Evercore ISI analyst C.J. Muse, who has an outperform rating and a $345 price target, said Nvidia blew away expectations with its data-center numbers.
“Big picture, AI workloads are migrating from image recognition to now natural language understanding, conversational AI, and recommendation systems, driving a meaningful increase in compute requirements,” Muse said. “Add in growing breadth of customers across both hyperscale and key industry verticals as well as a complete product portfolio servicing both Training (V100) and Inference (T4), and we continue to believe NVIDIA is at an inflection for its Data Center business.”
Cowen analyst Matthew Ramsay, who has an outperform rating and a $325 price target, said results affirmed his belief that Nvidia is tied to the “most attractive verticals” in the chip sector.

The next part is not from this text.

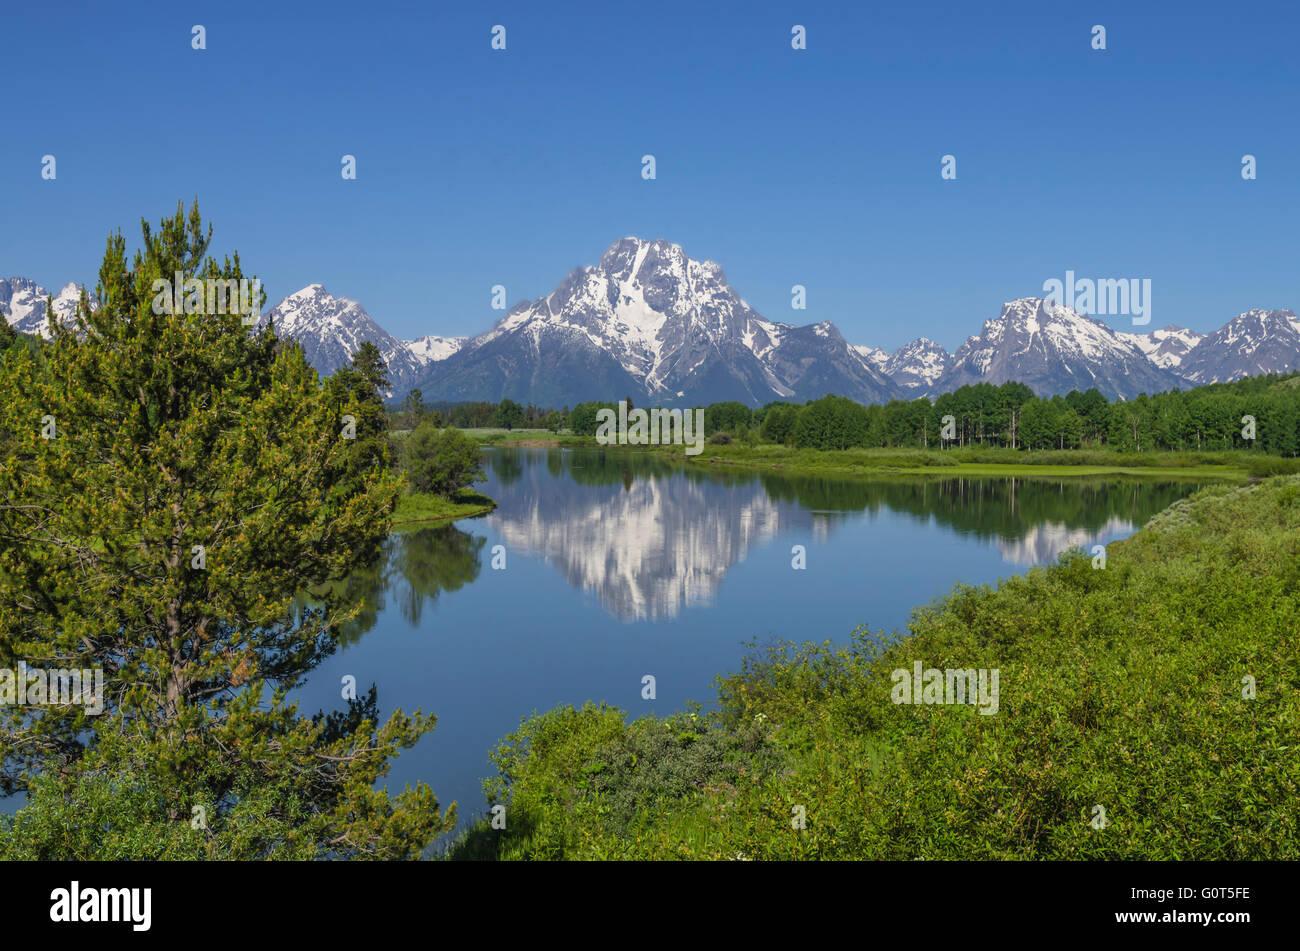 Mount Moran. Oxbow Bend. Teton National Park. Wyoming. USA - Stock Image

“Overall, we believe Nvidia is benefiting from the combination of pent-up demand following under-investment from cloud customers in C’1H19, accelerating demand for real-time conversational AI workloads, and ramping inferencing business as AI moves to the implementation stage with increasing investment from both Enterprise and Hyperscaler customers,” Ramsay said.
On Thursday evening’s conference call, Nvidia Chief Executive Jensen Huang said “the primary driver for growth is AI” when it comes to data-center sales.

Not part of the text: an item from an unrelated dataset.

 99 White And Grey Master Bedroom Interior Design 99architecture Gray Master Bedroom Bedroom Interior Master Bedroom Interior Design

Jefferies analyst Mark Lipacis, who has a buy rating and a $330 price target, called Nvidia the “poster child” for its so-called “4th tectonic shift in computing,” which includes parallel processing, Internet-of-Things computing, monetizing big data, and AI.

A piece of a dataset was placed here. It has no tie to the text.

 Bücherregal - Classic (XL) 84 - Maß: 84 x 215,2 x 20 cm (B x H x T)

Lipacis said he doesn’t “see much competition for NVDA in the AI/Neural Networking markets, due largely to the ecosystem the company has created around its CUDA software and cuDNN libraries.”
Raymond James analyst Chris Caso, who has an outperform rating and a target price of $300, said Nvidia is showing a strong upside “before the product cycle has even gotten started.”
“What’s striking is that NVDA posted such exceptionally strong datacenter growth (up 33% Q/Q to a new record) before its expected new product launch, owing to the newfound traction in AI inferencing,” Caso said. “Datacenter is expected to grow strongly again in April – we don’t know if any new product revenue is included in guidance, since the company wouldn’t comment on the timing of that launch.”
Nvidia is expected to launch new products at its annual GTC conference in San Jose, Calif., March 23 to March 26. COVID-19, however, is also messing with the conference season following the cancellation of the Mobile World Congress in Barcelona that had been scheduled for the end of the month.
Bernstein analyst Stacy Rasgon, who has a market perform rating and a $300 price target, said there “wasn’t much to nitpick on the quarter” but questioned how long data-center momentum could last.
“With a datacenter number that powerful (especially after a years’ worth of comparable stagnation) the NVDA story of old feels poised to come roaring back, & they delivered even as expectations had risen markedly into the print,” Rasgon said.
“The natural further question is of course around sustainability of the datacenter trajectory from here,” Rasgon noted. “Investors typically model datacenter growing sequentially into perpetuity, and the company has now set a much higher base, potentially nerve-racking as we have now seen the segment is big enough to demonstrate cyclicality going forward, especially given typical hyperscale ‘build and digest’ purchase patterns.”
The fourth quarter has proved to be a big one for chip company’s data-center sales as cloud providers and hyperscalers have opened up their capital-expenditure pocketbooks. This past earnings season, Intel Corp.
reported $800 million more in data-center sales than Wall Street had expected, while Advanced Micro Devices Inc.
also reported strong growth in data-center sales even though specifics were masked as poor console sales dragged down its combined reporting segment.
Over the past 12 months, Nvidia stock is up 88%, while the SOX index is up 46%, the S&P 500 is up 23%, and the Nasdaq is up 31%.